Clearly visible on the 1941 photographs are the two gun-emplacements (ND 3735 4970 with a small command bunker to the W. The accommodation camp is about 150m to the NW (centred ND 3730 4980) and consisted of about fifteen Nissen huts.

The site has been cleared and a row of 'Coastguard houses' now occupies part of the where the battery once stood and a disturbed area at the SE end of the Coastguard cottages may signify the location of the emplacements.

Visited by RCAHMS (DE), August 2000


Archaeological Evaluation

ND 3723 4986 A desk-based assessment and a trial trenching

evaluation were undertaken 31 March–16 May 2010 in

advance of a residential development.
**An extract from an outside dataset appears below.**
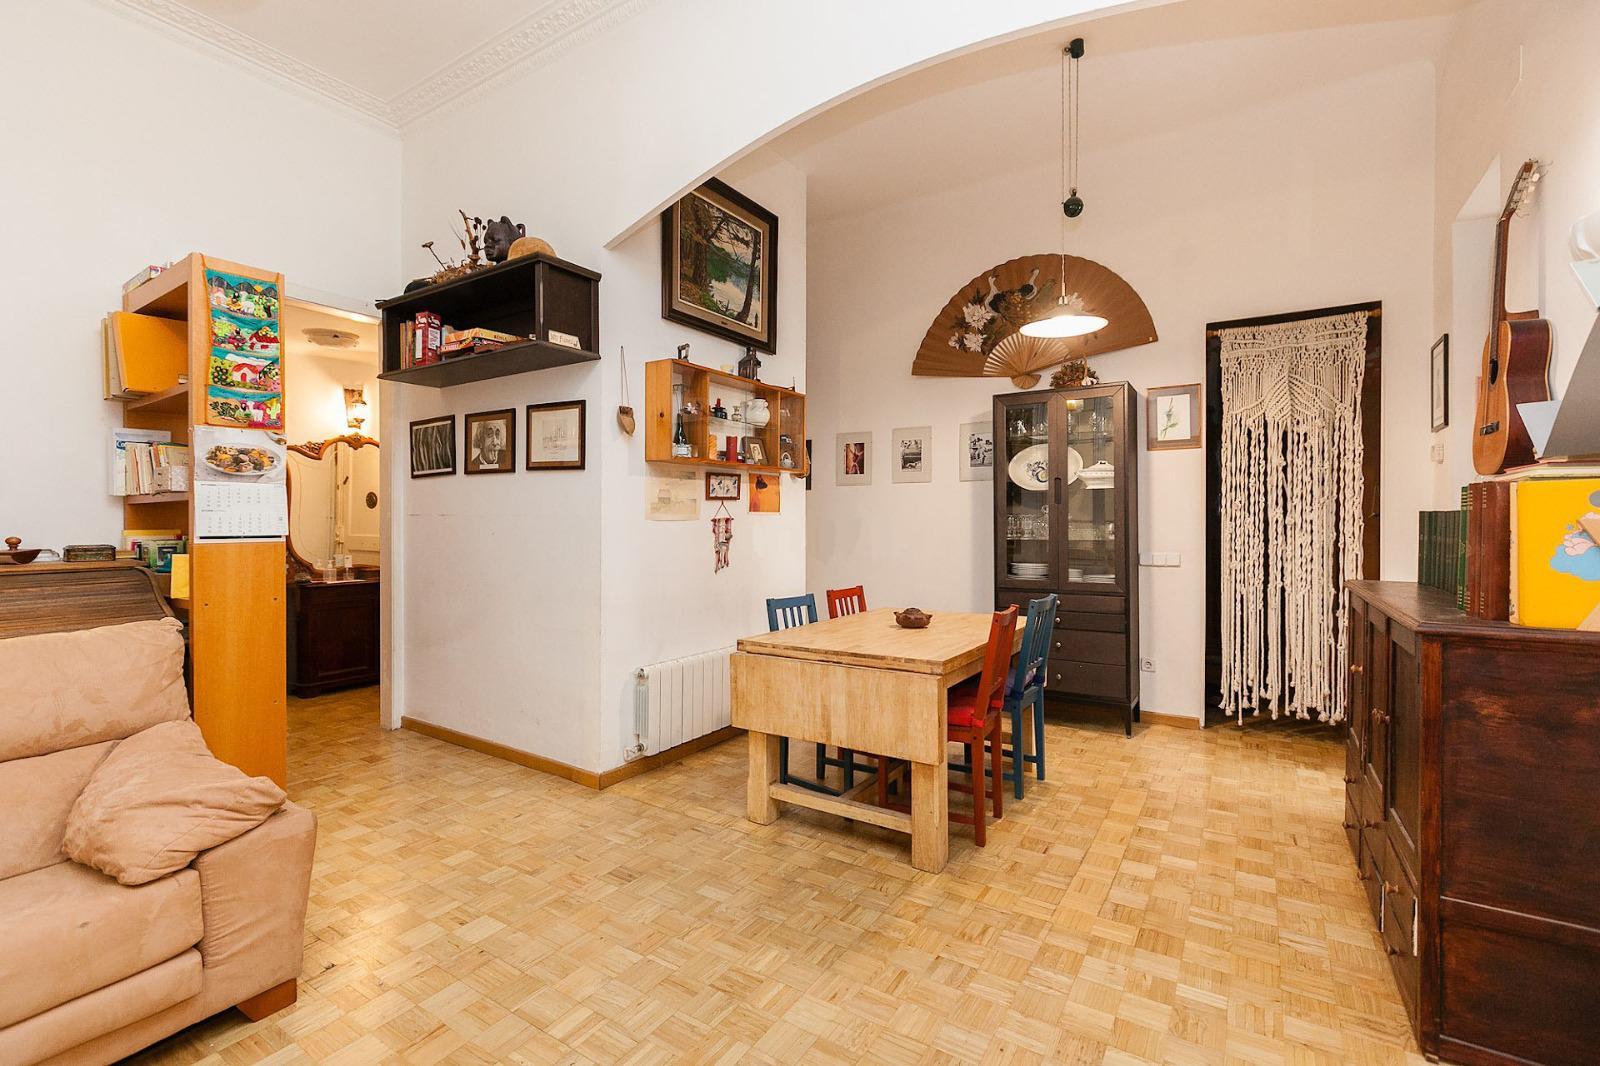 247916 Flat for sale in Sarrià-Sant Gervasi, Sant Gervasi-Galvany 2

The area was the site

of two anti-aircraft batteries and associated buildings during

WW2. Previous work in 2008 (DES 2008, 119), had recorded

WW2 gun bases and possible signs of rig and furrow

cultivation. The evaluation consisted of the trial trenching of

10% of Phase 1 of the development in the NW corner of the

site. No finds or features of archaeological significance were

recorded in an area that has apparently been ploughed for

generations and disturbed by the building and demolition of

the military battery and subsequent activity.